*** Opening Records provided ***

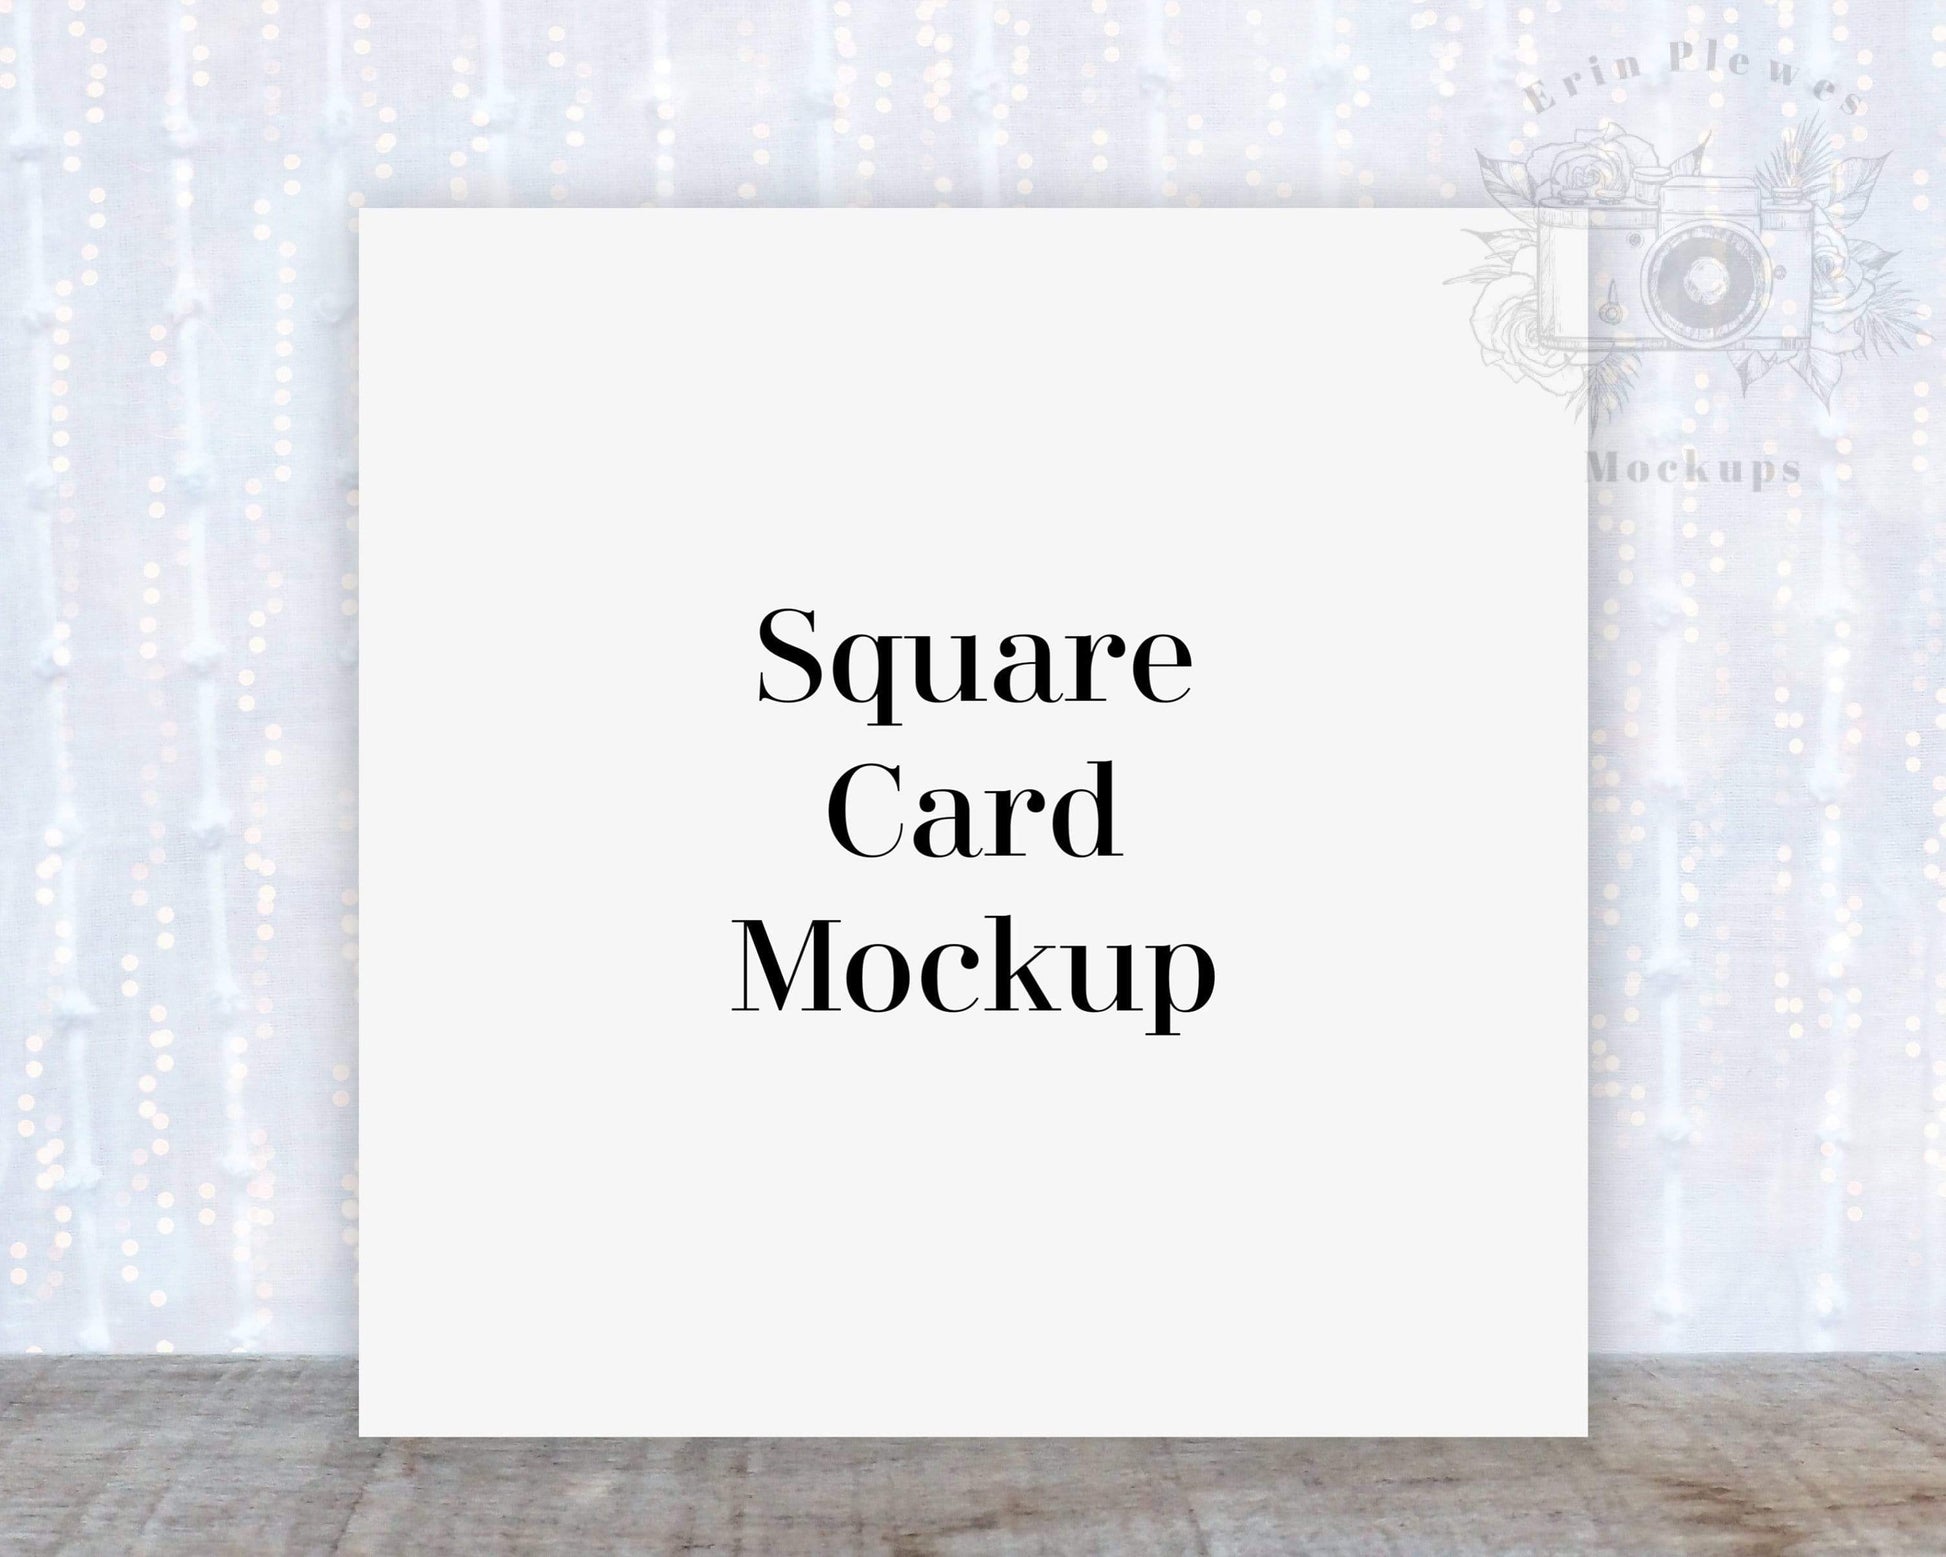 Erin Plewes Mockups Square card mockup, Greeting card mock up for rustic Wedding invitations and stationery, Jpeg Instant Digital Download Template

*** Closing Records provided ***
*** Opening Records provided ***

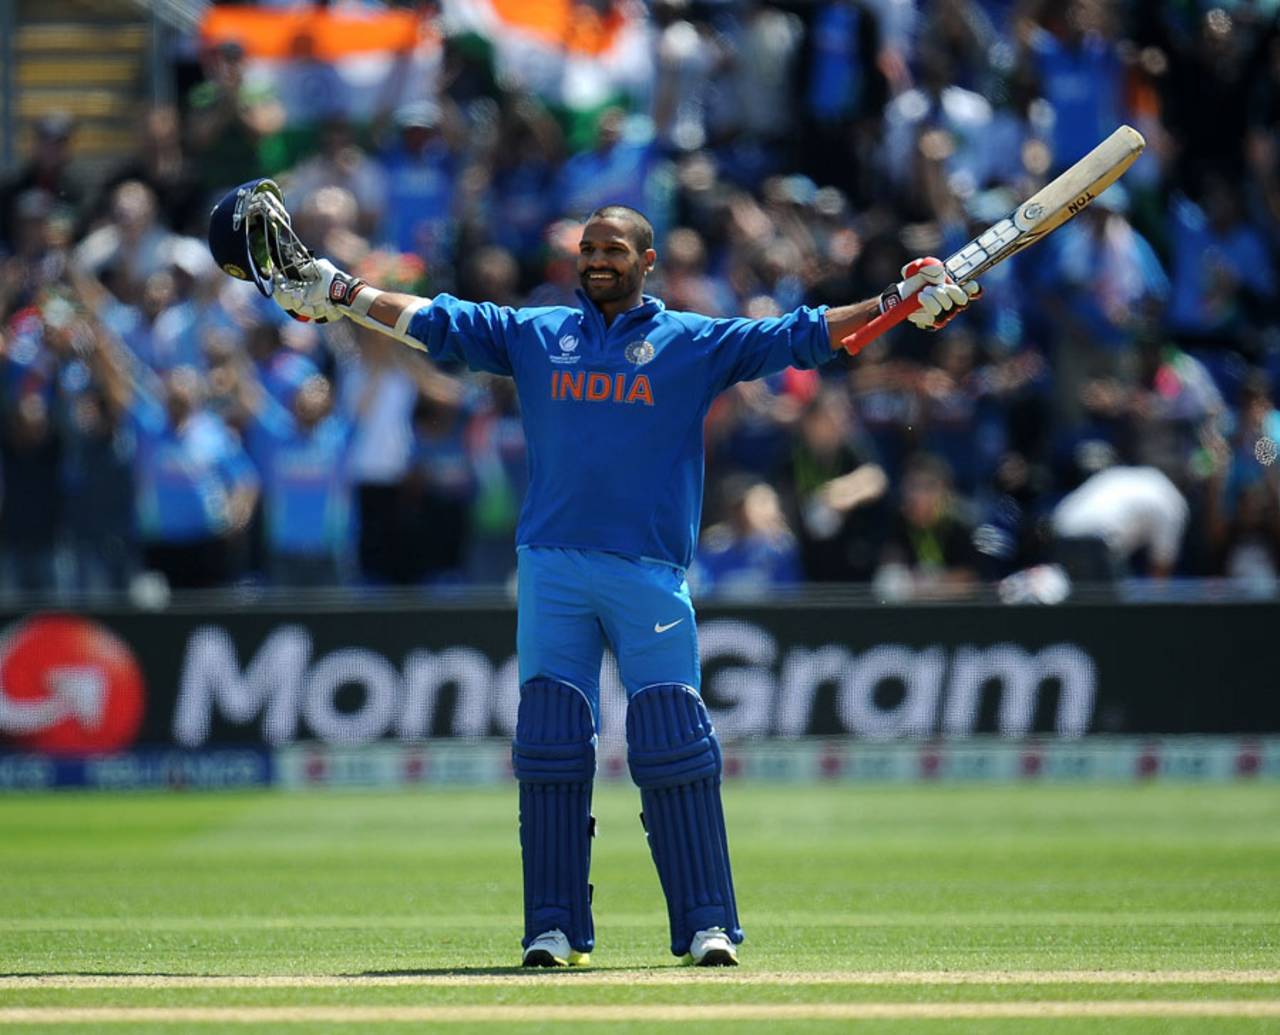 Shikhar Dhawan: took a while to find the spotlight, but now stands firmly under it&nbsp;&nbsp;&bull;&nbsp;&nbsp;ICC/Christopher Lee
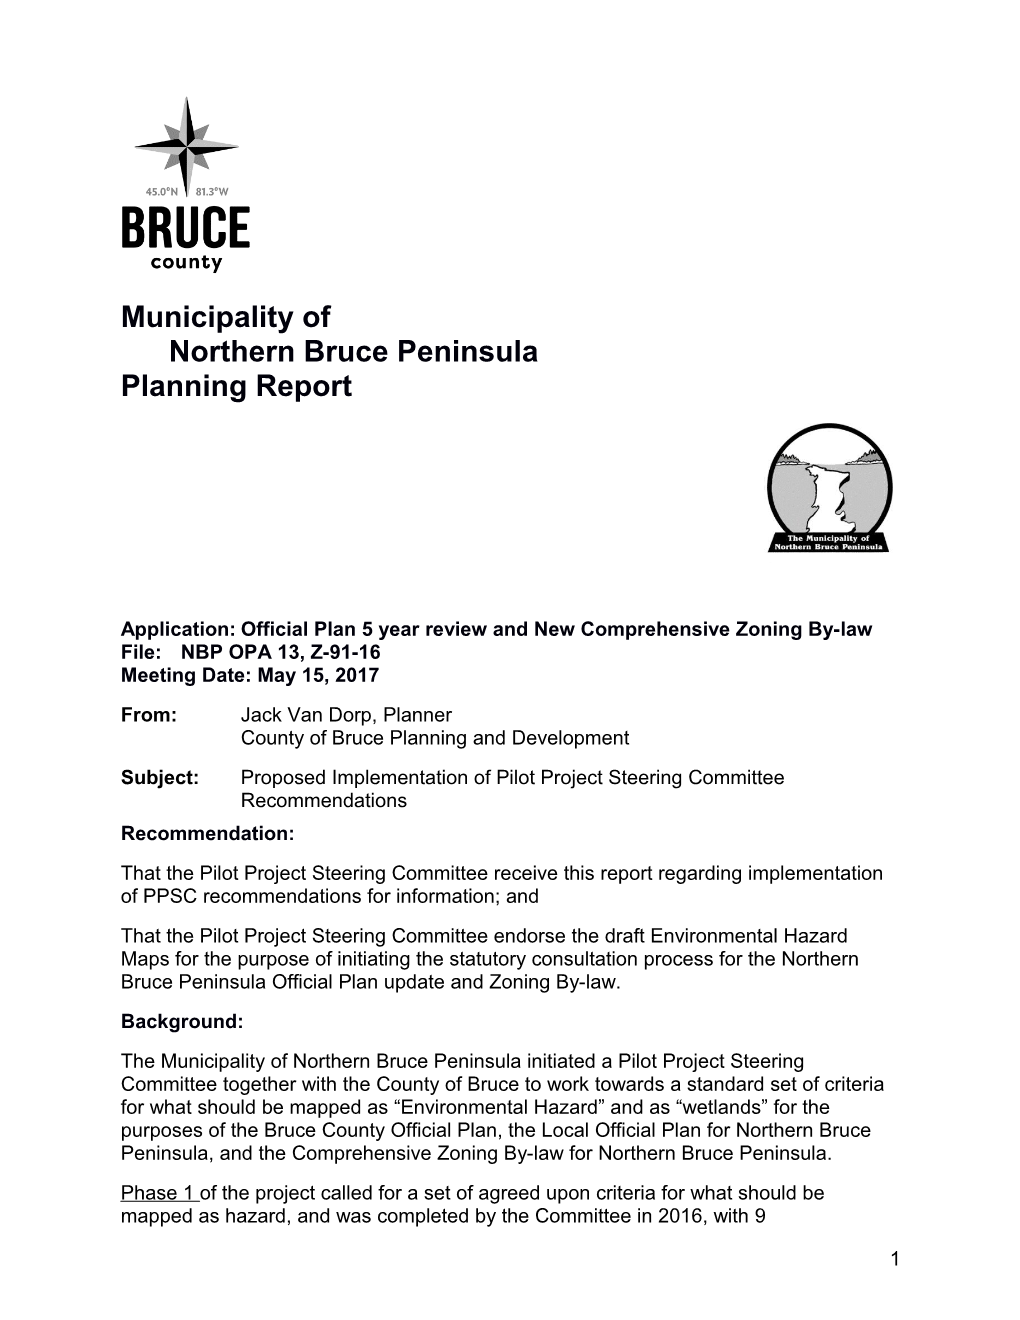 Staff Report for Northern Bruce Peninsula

*** Closing Records provided ***

## Task to complete
Among the records above, locate the line containing "Shikhar Dhawan: took" and the line containing "Staff Report for Northern Bruce Peninsula", then transcribe exactly the lines starting at the first and ending at the second, with no pictures.

## The answer
 Shikhar Dhawan: took a while to find the spotlight, but now stands firmly under it&nbsp;&nbsp;&bull;&nbsp;&nbsp;ICC/Christopher Lee
 Staff Report for Northern Bruce Peninsula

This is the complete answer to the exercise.